● **Problem to work on**
Repeat the listing that follows exactly. Pictures are not part of the copy.

--- Dataset content Enclosed Below ---

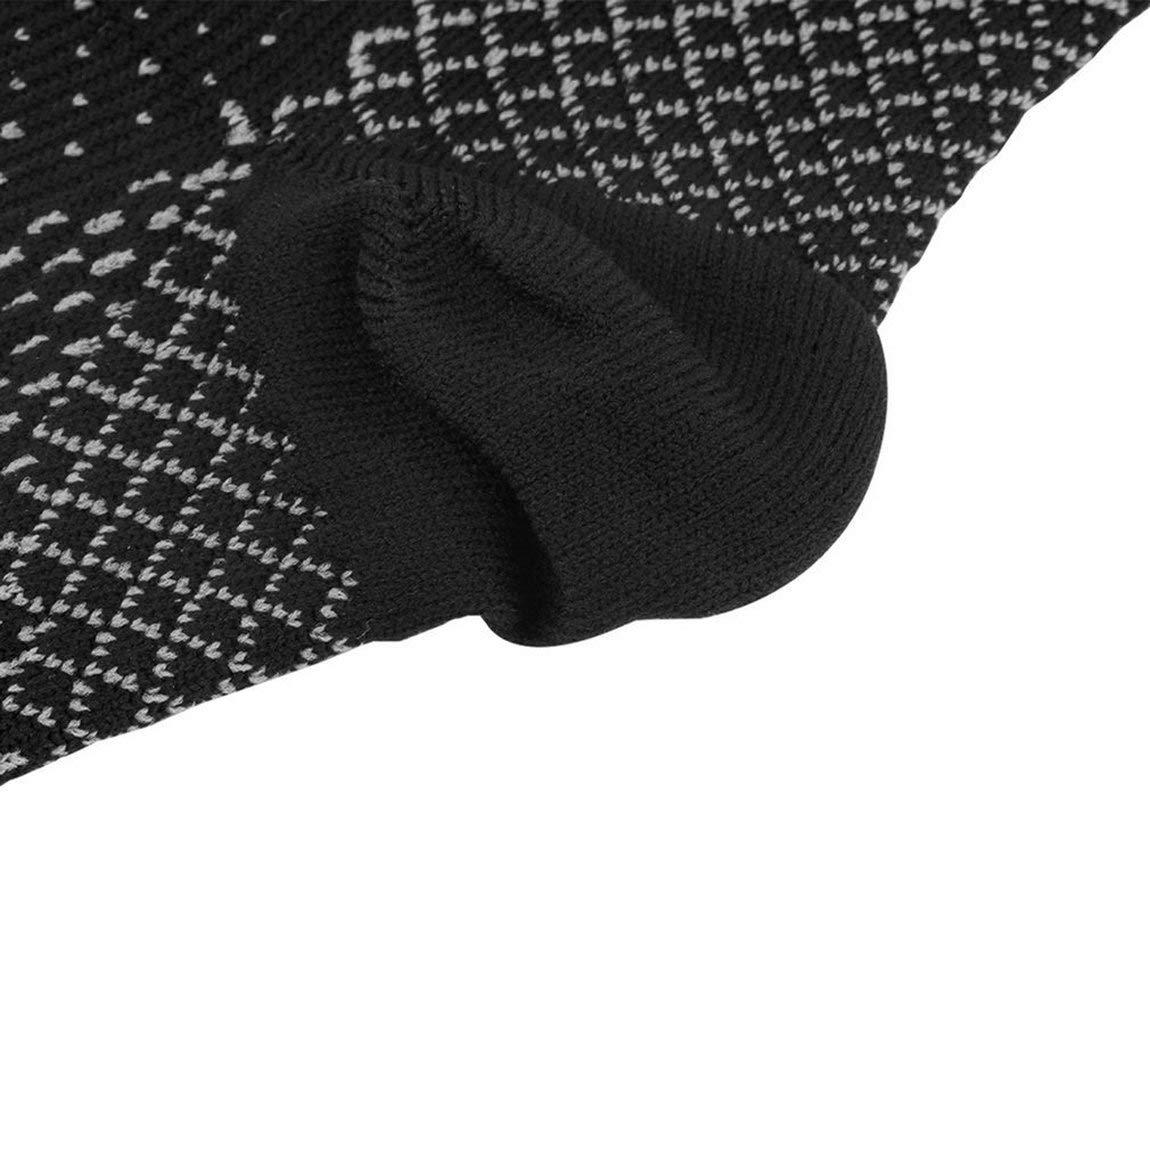 Nero 73JohnPol Piedi Professionali Tacco Calzino Compressione Calzino Anti affaticamento Piedi varicosi Manica Uomo Donna Running Calzino Basket
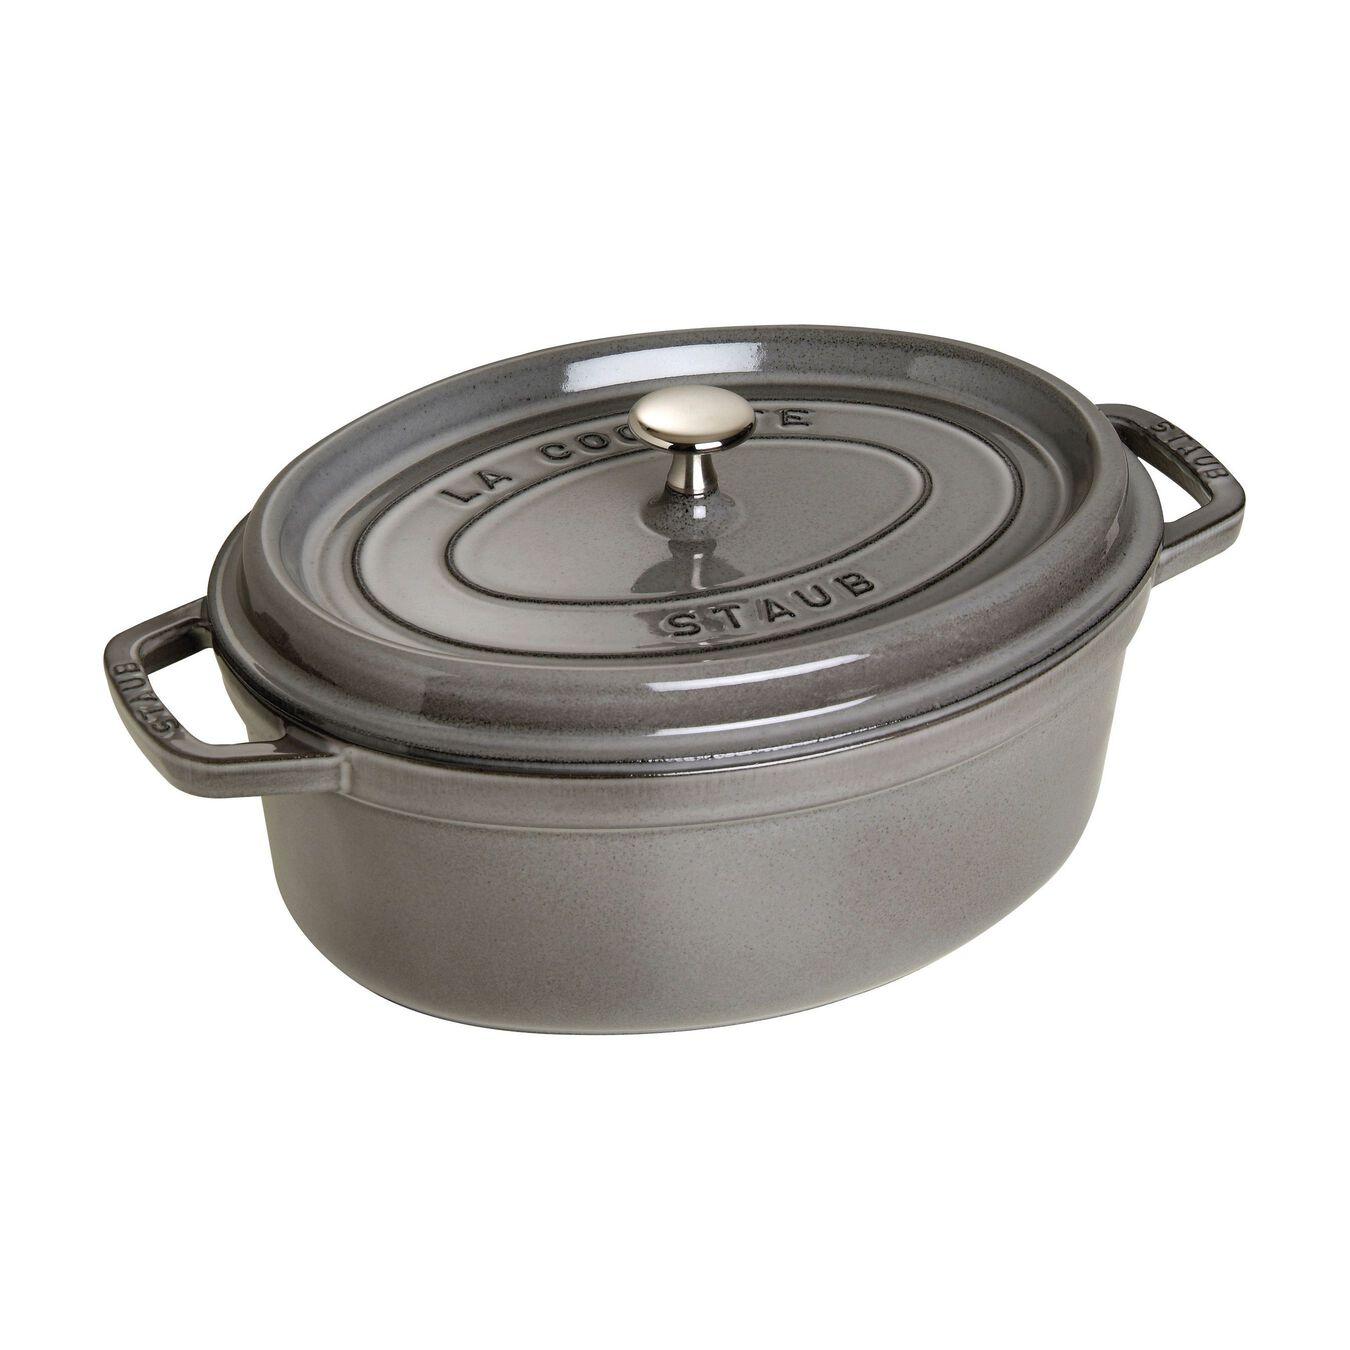 Cocotte ovale - 37 cm, Colore grigio grafite,,large 1
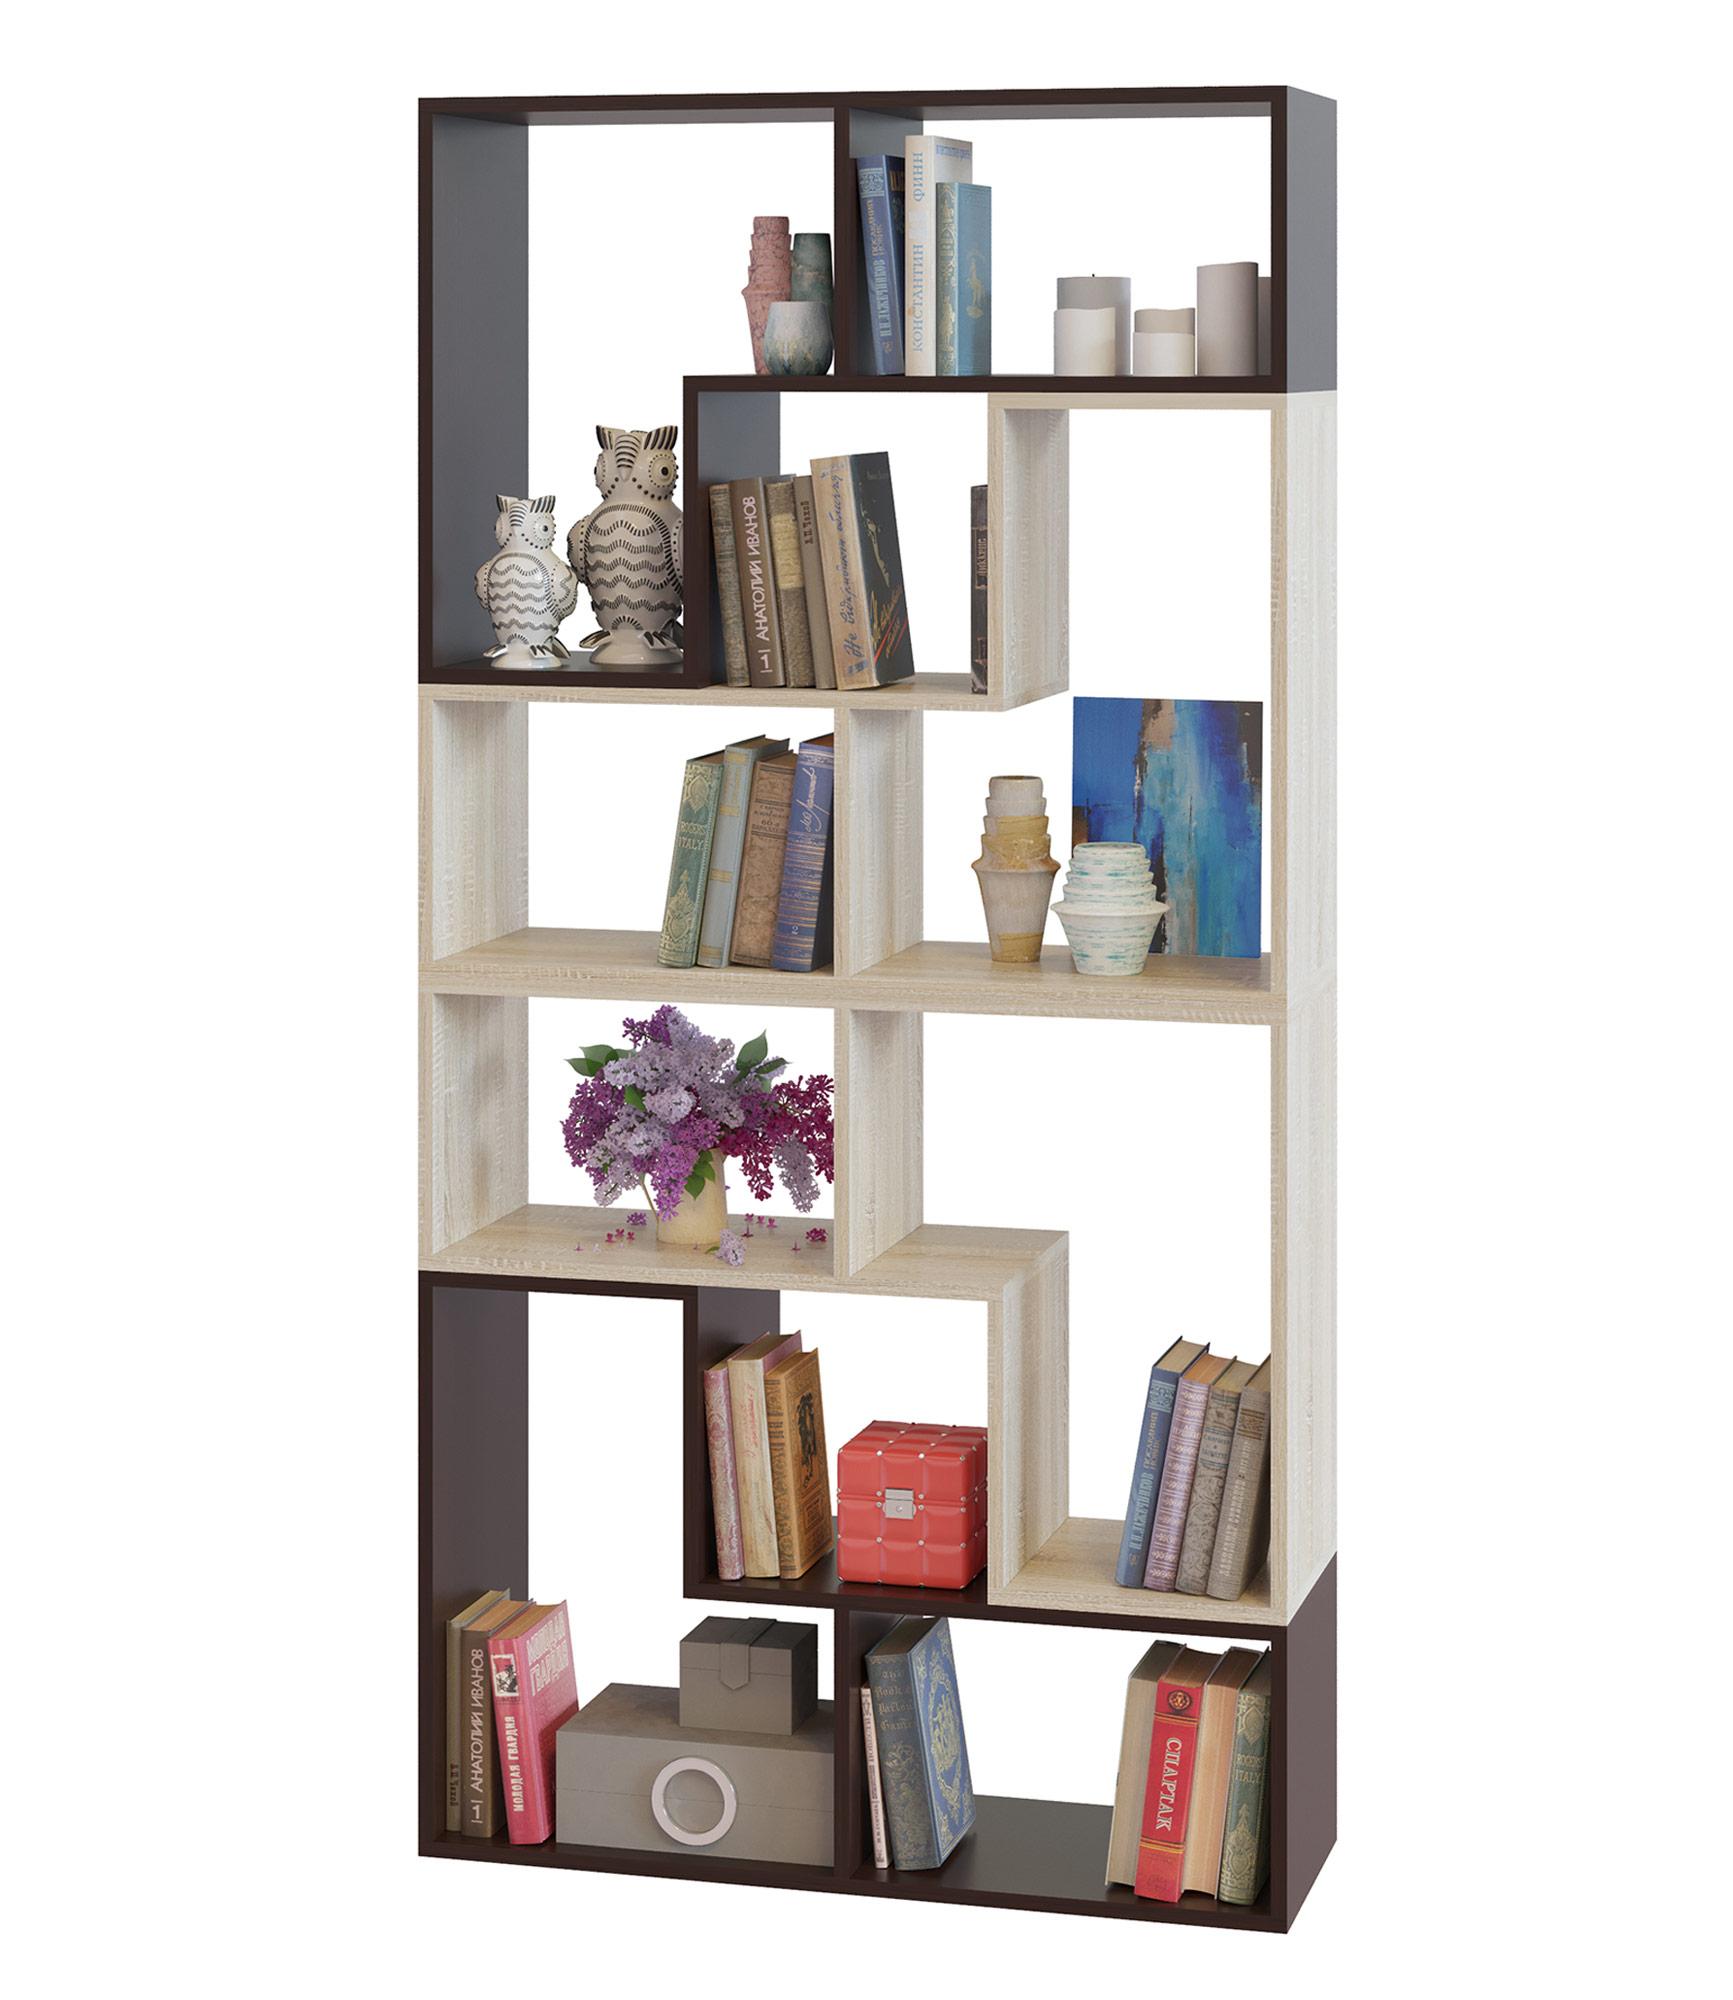 Стеллаж Сокол ПК-94, цвет венге/дуб сонома, ШхГхВ 90х30х180 см. или 120х30х180 см.

--- End of Enclosed Dataset content ---

● **Exercise answer**
 Nero 73JohnPol Piedi Professionali Tacco Calzino Compressione Calzino Anti affaticamento Piedi varicosi Manica Uomo Donna Running Calzino Basket
 Cocotte ovale - 37 cm, Colore grigio grafite,,large 1
 Стеллаж Сокол ПК-94, цвет венге/дуб сонома, ШхГхВ 90х30х180 см. или 120х30х180 см.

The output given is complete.